Task prompt
Set the data down again, exactly as it reads, but without the pictures.

Data block

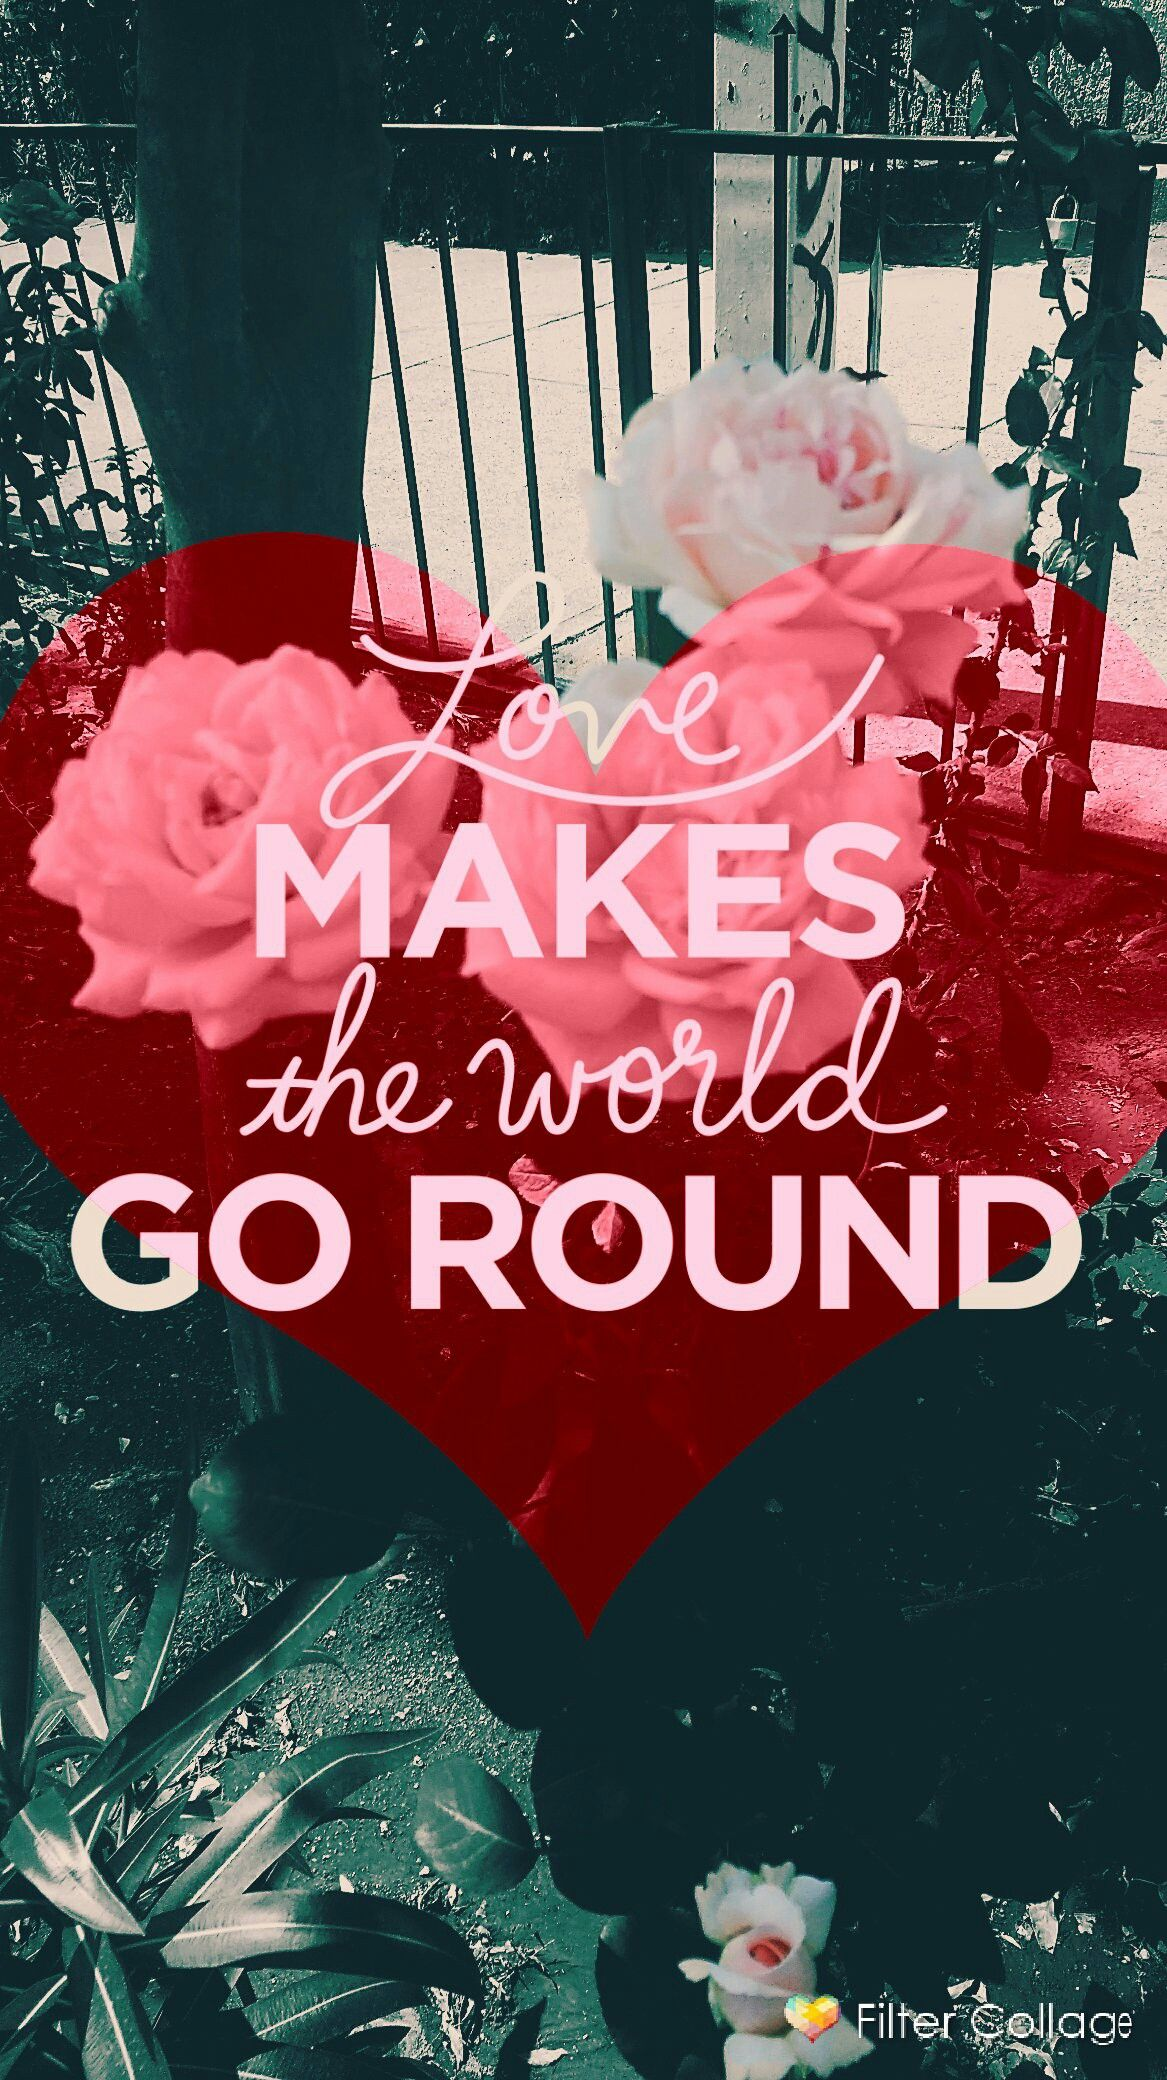 El amor mueve al mundo
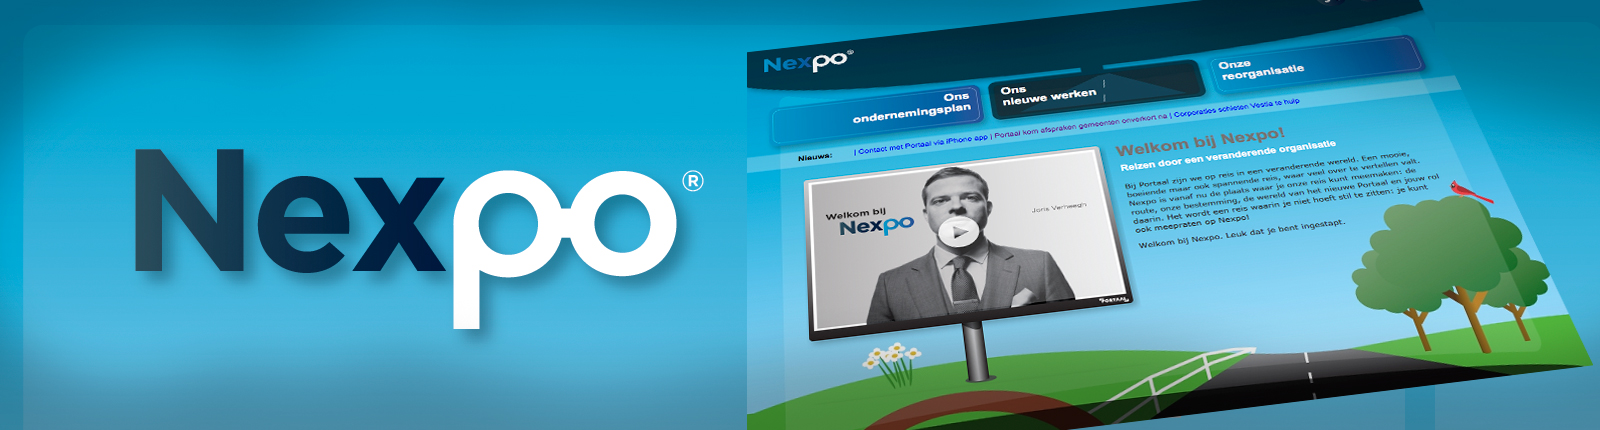 nexpo_case
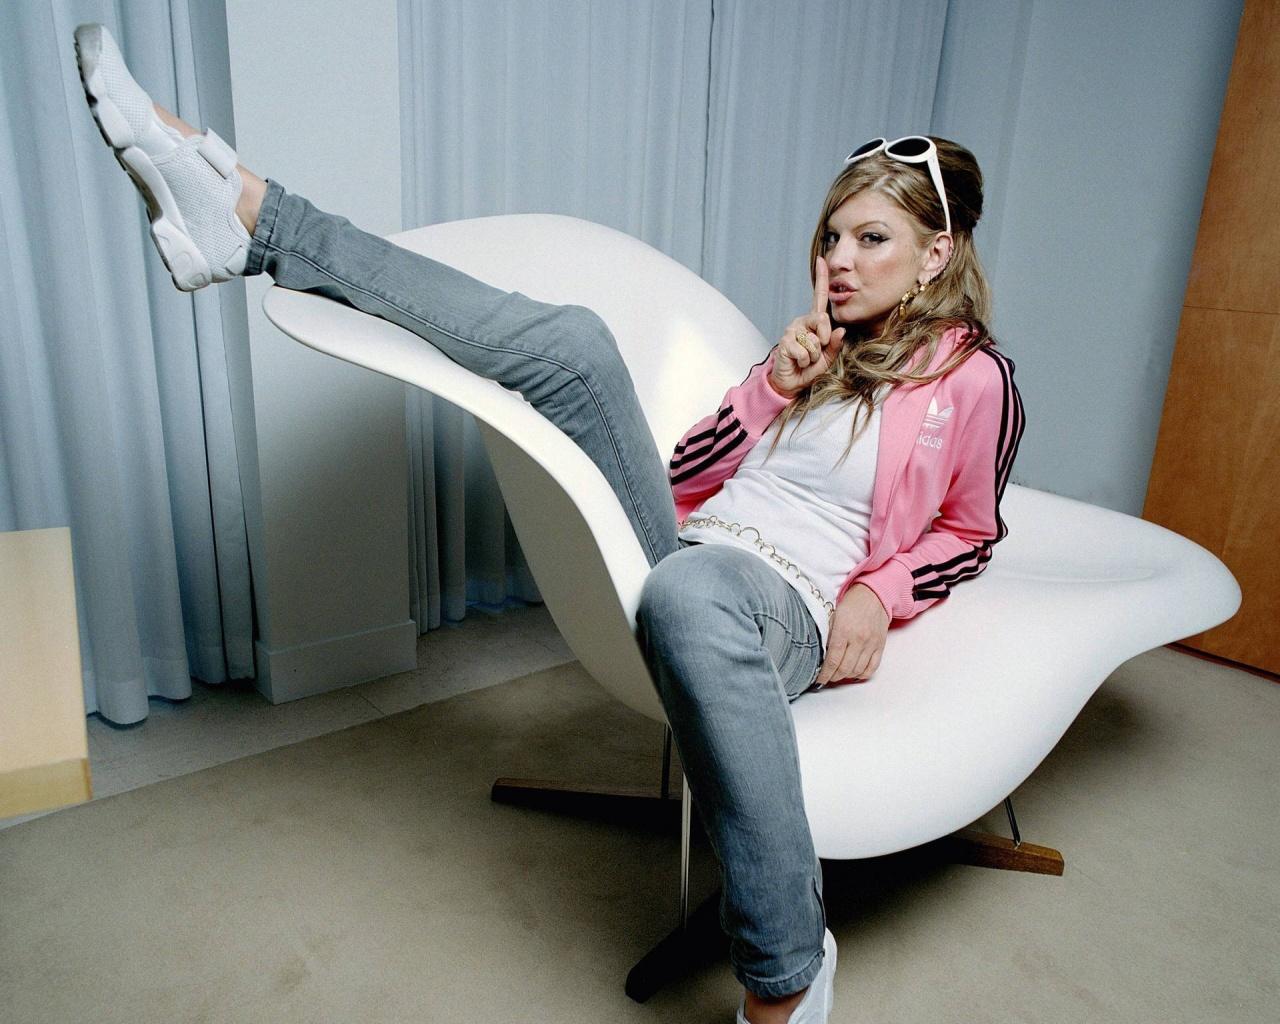 http://4.bp.blogspot.com/-3CnVVOd-mGk/Tg51uQMD67I/AAAAAAAAAqI/OlRODi43S7w/s1600/sexy-girl-1021-1280x1024.jpg

Answer box
 El amor mueve al mundo
 nexpo_case
 http://4.bp.blogspot.com/-3CnVVOd-mGk/Tg51uQMD67I/AAAAAAAAAqI/OlRODi43S7w/s1600/sexy-girl-1021-1280x1024.jpg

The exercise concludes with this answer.